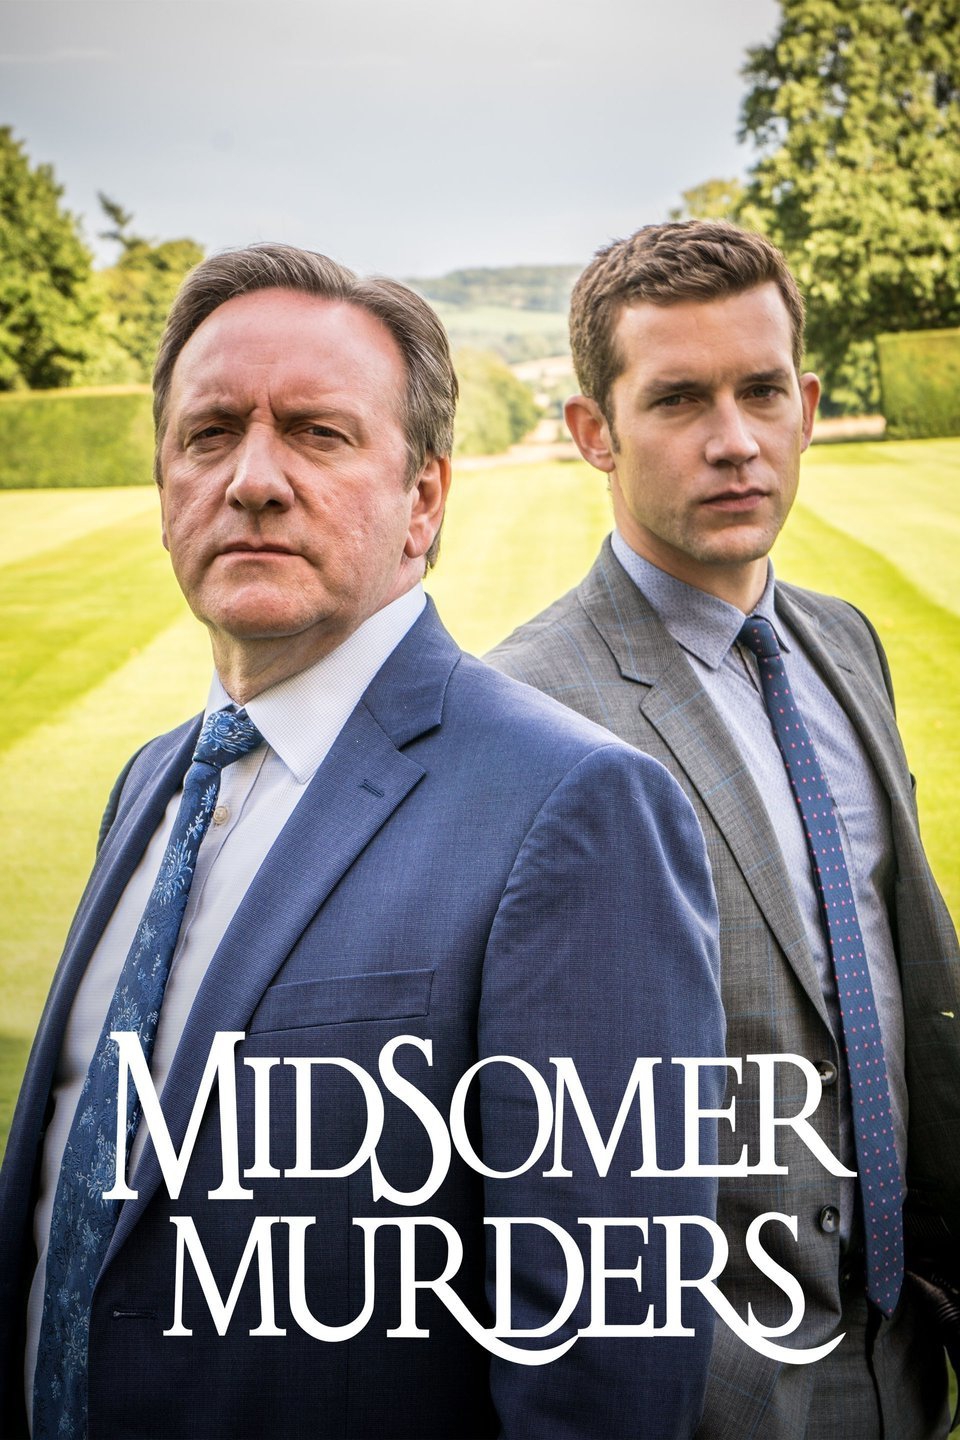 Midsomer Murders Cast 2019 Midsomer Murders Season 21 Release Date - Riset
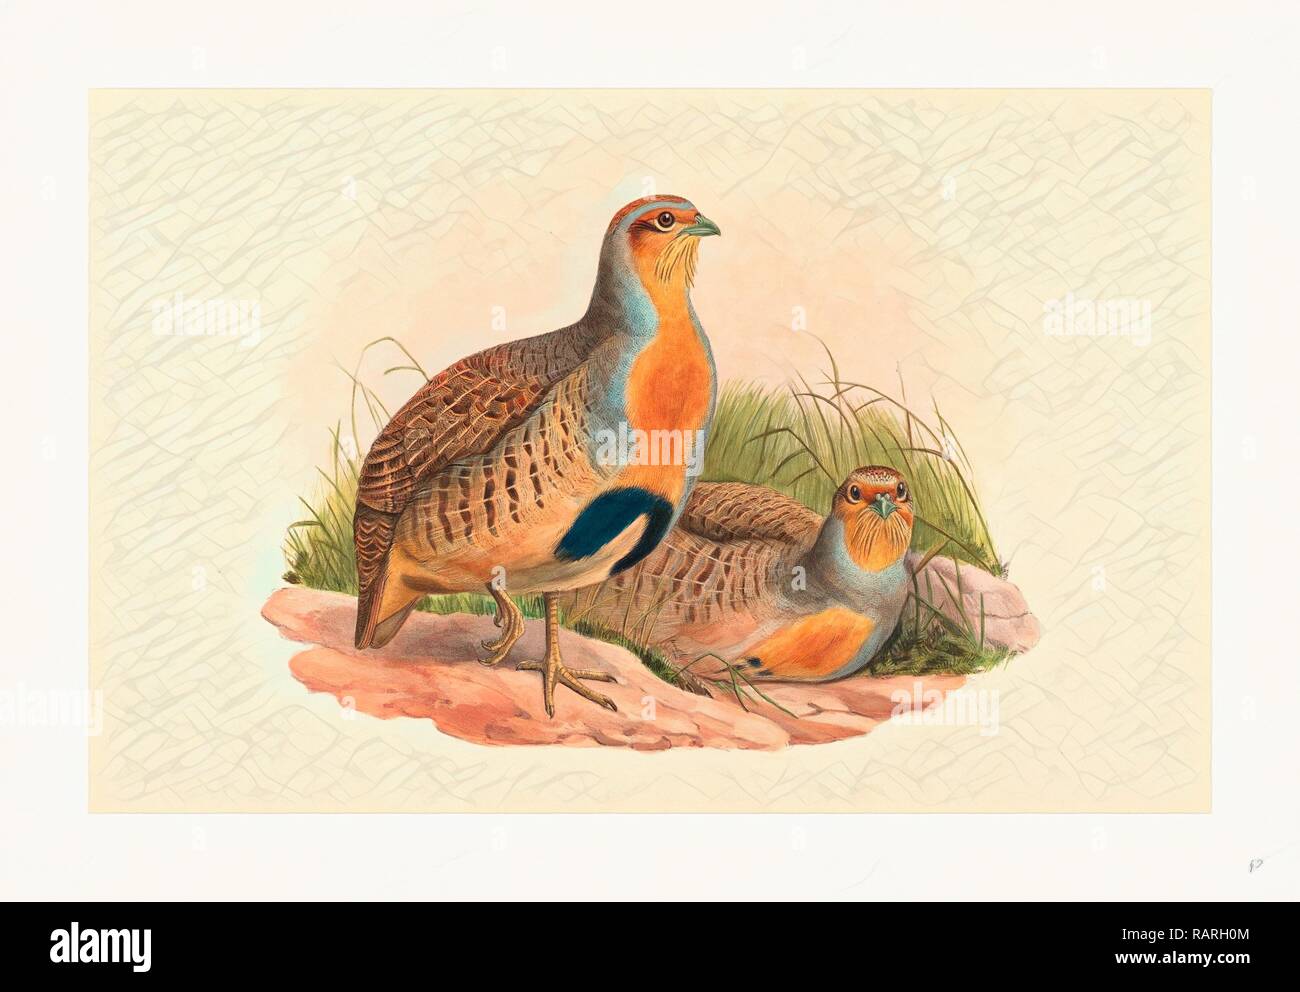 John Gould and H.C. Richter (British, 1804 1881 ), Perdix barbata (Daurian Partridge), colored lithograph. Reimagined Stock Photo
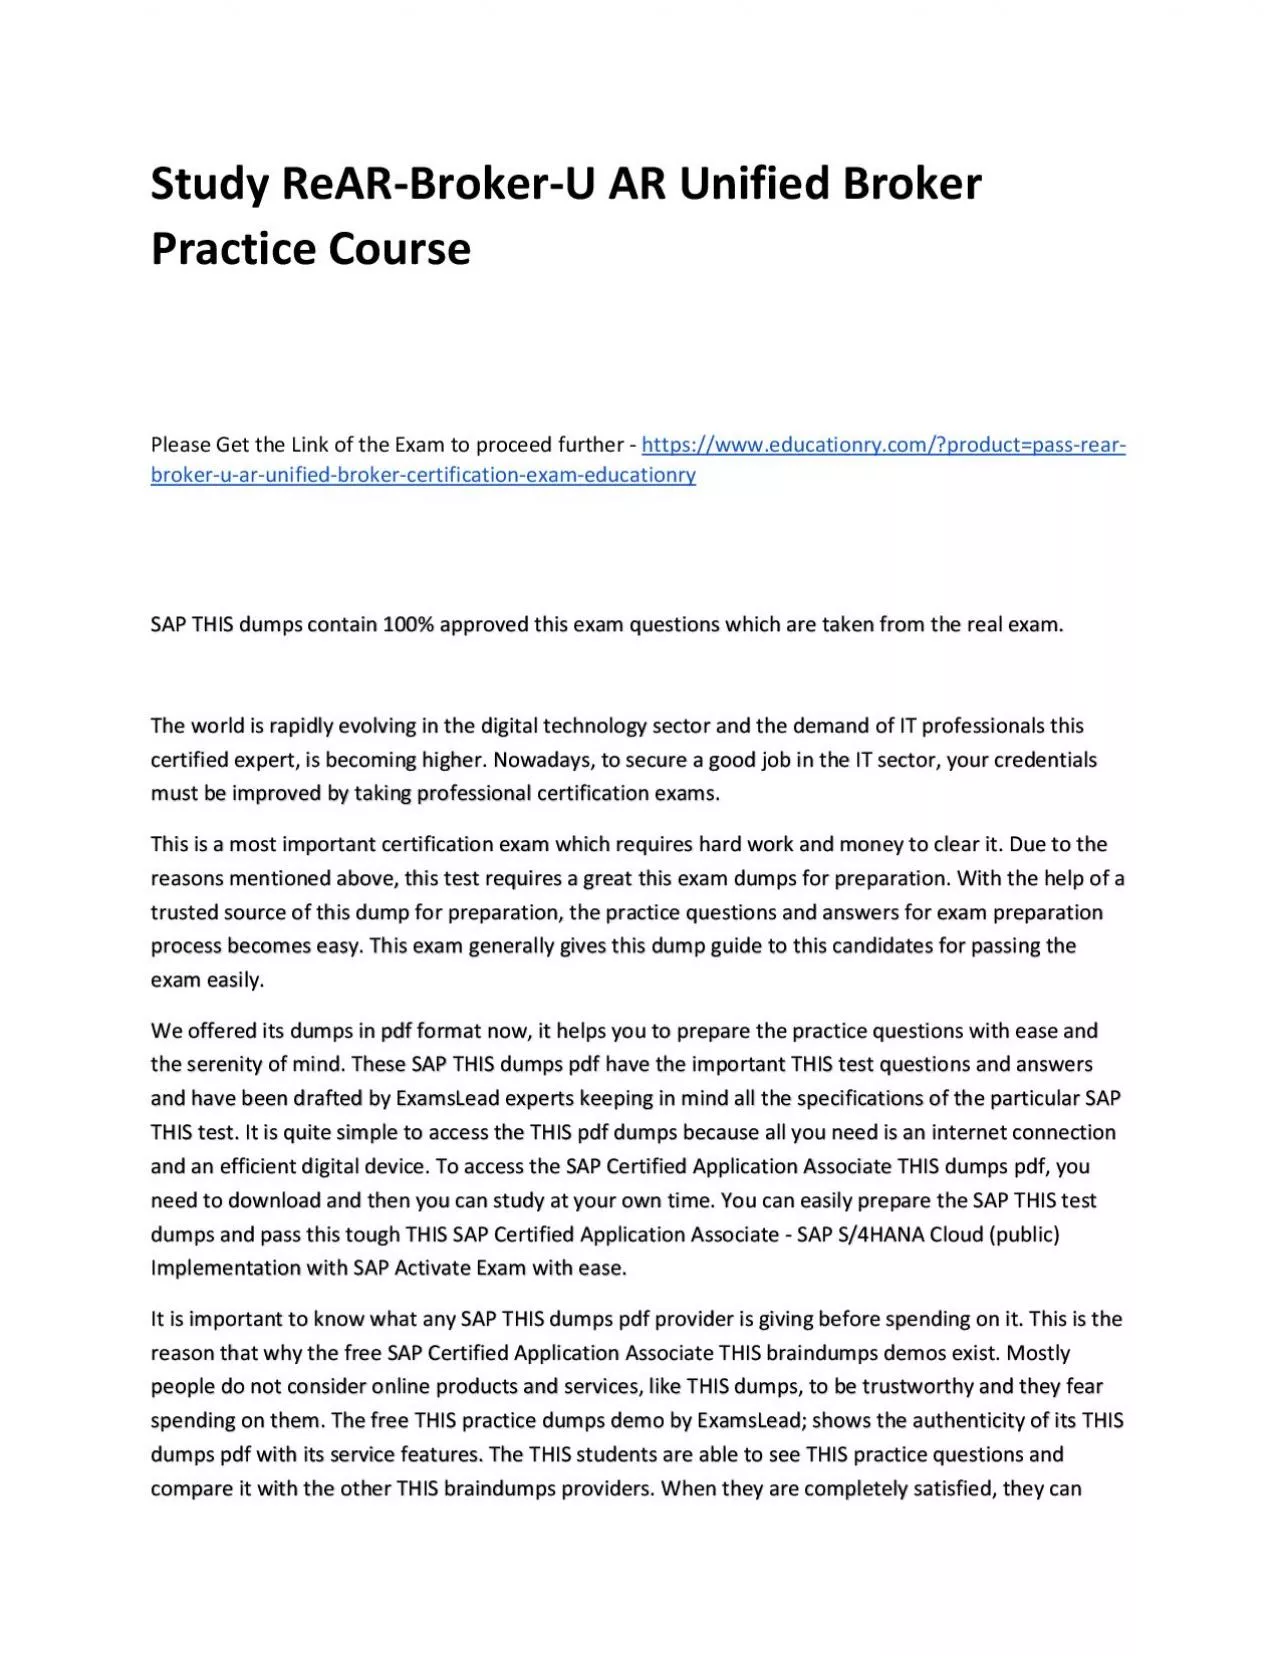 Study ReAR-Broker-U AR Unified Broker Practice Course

*Task requirements*.
Extract, word for word, each line from the top of the data down to and including the line with "John Gould and"; skip the pictures.

*Written response*.
 Midsomer Murders Cast 2019 Midsomer Murders Season 21 Release Date - Riset
 John Gould and H.C. Richter (British, 1804 1881 ), Perdix barbata (Daurian Partridge), colored lithograph. Reimagined Stock Photo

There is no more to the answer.